1. A fusion polypeptide comprising a variant of phiC31 integrase linked to a gRNA binding domain, wherein

(i) the gRNA binding domain is capable of binding to a guide RNA; and

(ii) the fusion polypeptide is capable of integrating a donor DNA sequence to locus of a genomic sequence of SEQ ID NO: 2 in a human cell.

2. The polypeptide of claim 1, wherein the variant of phiC31 integrase comprises the sequence of any one of SEQ ID NO: 9-13.

3. The polypeptide of claim 1, wherein the gRNA binding domain comprises a Cas9 protein or a fragment thereof.

4. The polypeptide of claim 1, wherein the gRNA binding domain does not have endonuclease activity.

5. The polypeptide of claim 1, wherein the gRNA binding domain is a dead Cas9 (dCas9).

6. The polypeptide of claim 1, wherein the gRNA binding domain comprises an amino acid sequence of SEQ ID NO: 25.

7. The polypeptide of claim 1, wherein the gRNA binding domain is a dead Mad7 (dMad7).
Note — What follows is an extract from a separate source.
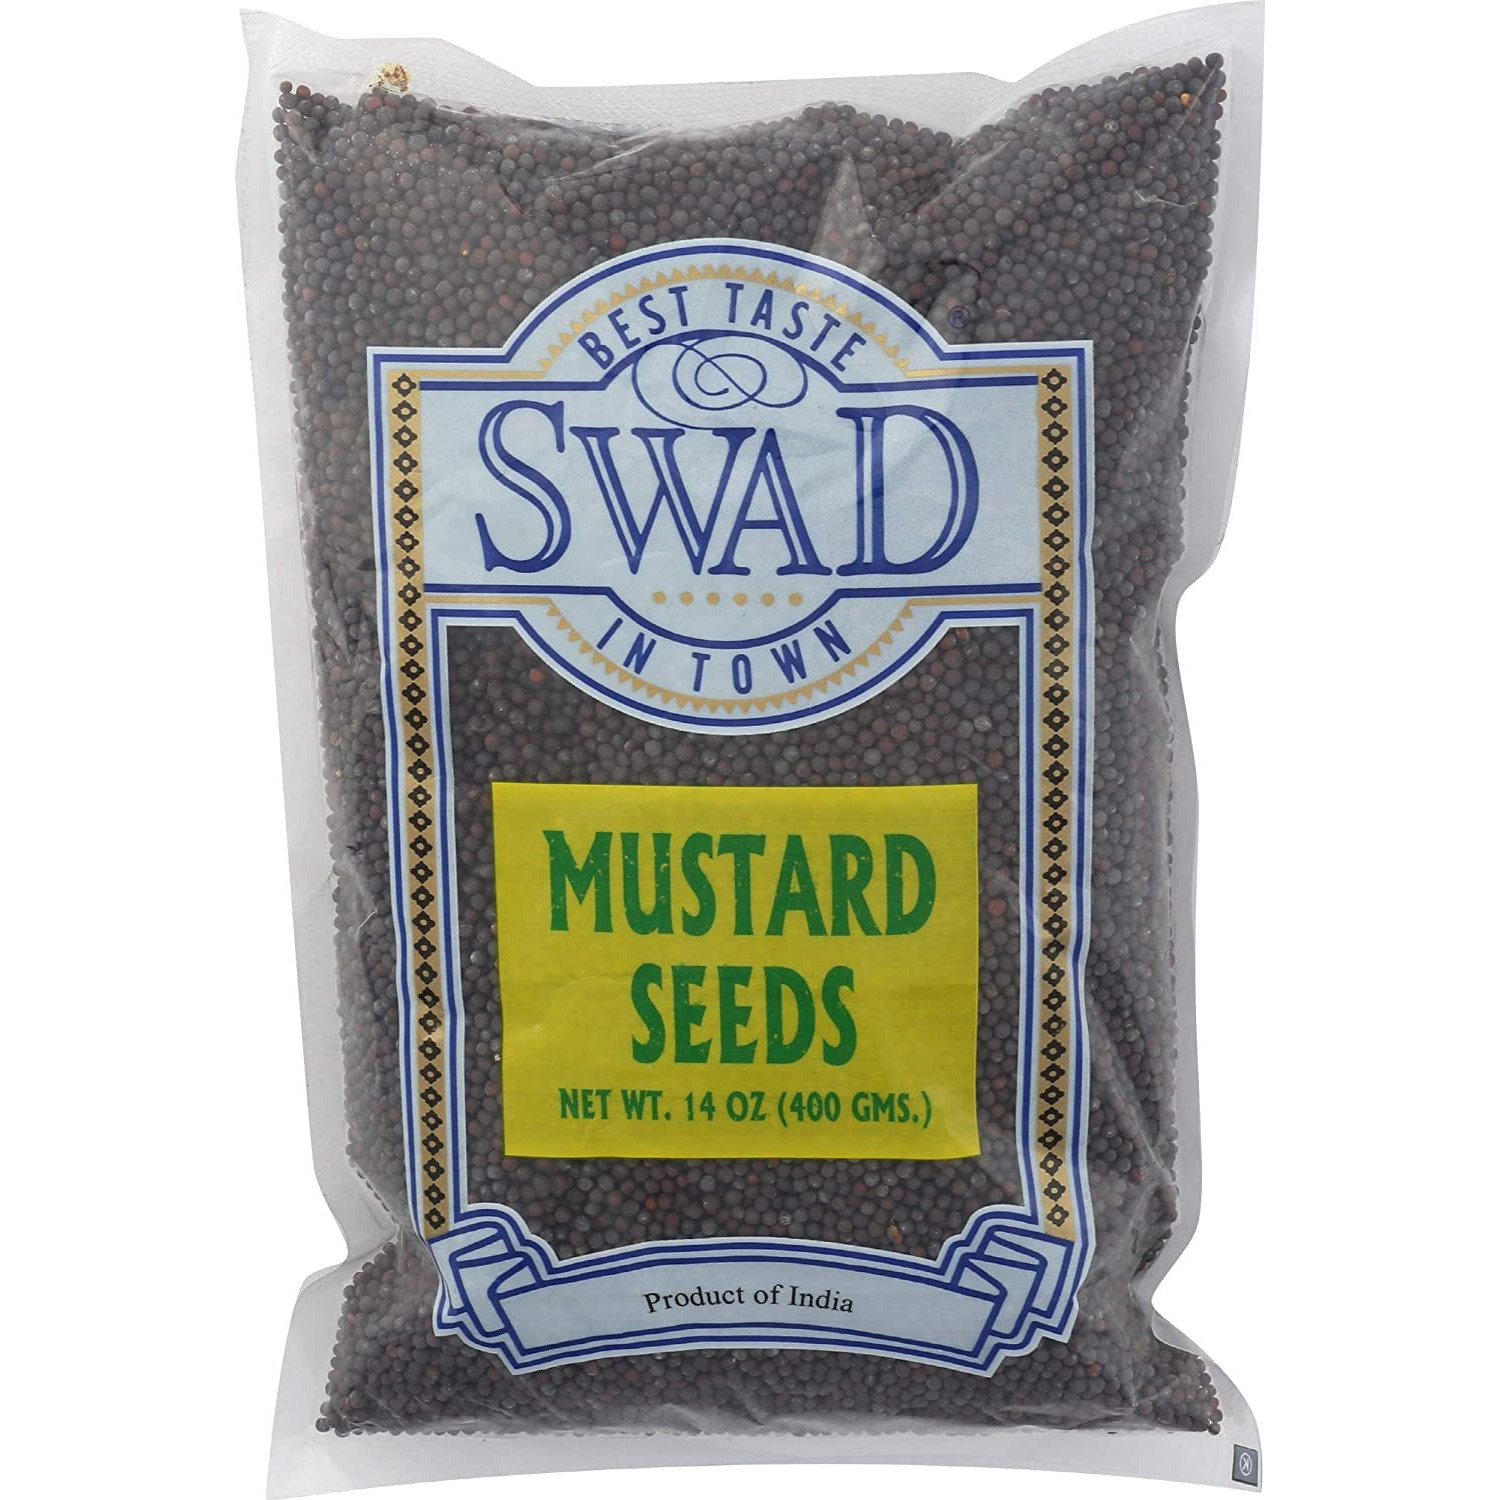 Swad Mustard Seeds 400

8. The polypeptide of claim 1, wherein the gRNA binding domain comprises an amino acid sequence of SEQ ID NO: 34.

9. The polypeptide of claim 1, wherein the guide RNA is capable of hybridizing to a sequence in the proximity of a genomic sequence of SEQ ID NO: 2.

10. The polypeptide of claim 1, further comprising a linker that links the variant of phiC31 integrase with the gRNA binding domain.

11. The polypeptide of claim 10, wherein the linker has the sequence of any one of SEQ ID NO: 14-23.

12. The polypeptide of claim 1, further comprising a nuclear localization sequence (NLS).

13. The polypeptide of claim 12, wherein the NLS has a sequence of SEQ ID NO: 35.

14. A polynucleotide encoding the fusion polypeptide of any one of claims 1-13.

15. A composition comprising (1) the fusion polypeptide of any one of claims 1-13 or the polynucleotide of claim 14, and (2) the guide RNA or the DNA encoding the guide RNA.

16. A method of integrating a transgene into the genome of a human cell comprising introducing into the human cell the composition of claims 15 and a donor construct compri sing the transgene .

17. The method of claim 16, wherein the human cell is an iPSC, T cell or an NK cell.